Amazon Redshift Checklist

This checklist aims to be an exhaustive list of all elements you should consider when using Amazon Redshift.

Table of Contents

• How to use
• Sister Projects
• Checklist
  • Designing Tables
  • Loading Data
  • Performance
  • Security
  • Monitoring
  • Consumption
  • Cluster
• Contributing

How to use

All items in the Amazon Redshift Checklist are required for the majority of projects, but some elements can be omitted or are not essential. We choose to use 3 levels of flexibility:

• 🔴 means the item can't be omitted for any reason.
• 🟡 means the item is highly recommended and can eventually be omitted in some really particular cases.
• 🟢 means the item is recommended but can be omitted in some particular situations.

Some resources possess an emoticon to help you understand which type of content/help you may find on the checklist:

• 📖 documentation or article
• 🔧 online tool
• 📹 media

Sister Projects

• Amazon S3 Checklist

Checklist

Designing Tables

🔴 Select an appropriate table distribution style

In order to utilise the parallel nature of Redshift, data must be correctly distributed within each table of the cluster.
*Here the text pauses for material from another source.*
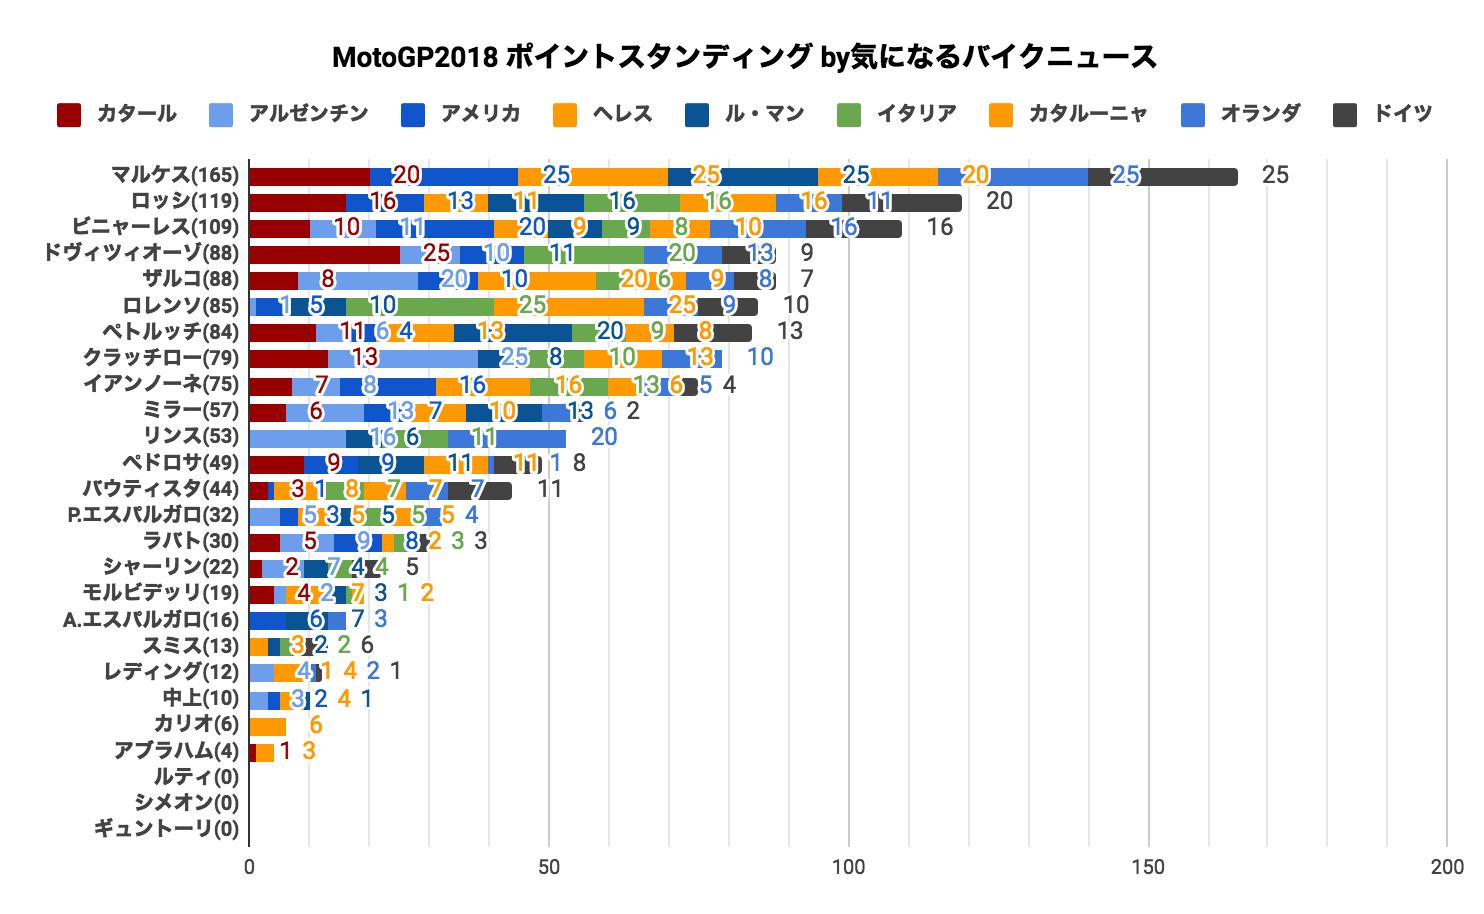 ★MotoGP2018 ポイントスタンディング(2018/07/15時点)

Tables not distributed correctly (based on their query patterns) will generally lead to poor query performance.

• 📖 Choosing a data distribution style
• 📖 Amazon Redshift now recommends distribution keys for improved query performance

🟡 Set column compression

Ensures data is better compressed utilising less storage space.

• 📖 Choosing a column compression type
• 📖 Use AZ64 column compression encoding

🟡 Select appropriate table sort keys

Ensures data is retrieved from within each node in the most performant way.

• 📖 Choosing sort keys
• 📖 Amazon Redshift now supports changing table sort keys dynamically
• 📖 Amazon Redshift now recommends sort keys for improved query performance
• 📖 Compound and Interleaved Sort Keys

🟢 Define table constraints

Uniqueness, primary key, and foreign key constraints are informational only; they are not enforced by Amazon Redshift. Nonetheless, primary keys and foreign keys are used as planning hints and they should be declared if your ETL process or some other process in your application enforces their integrity.

• 📖 Defining constraints

Loading Data

🔴 Use the COPY command

Loads data into a table from data files or from an Amazon DynamoDB table. The files can be located in an Amazon Simple Storage Service (Amazon S3) bucket, an Amazon EMR cluster, or a remote host that is accessed using a Secure Shell (SSH) connection.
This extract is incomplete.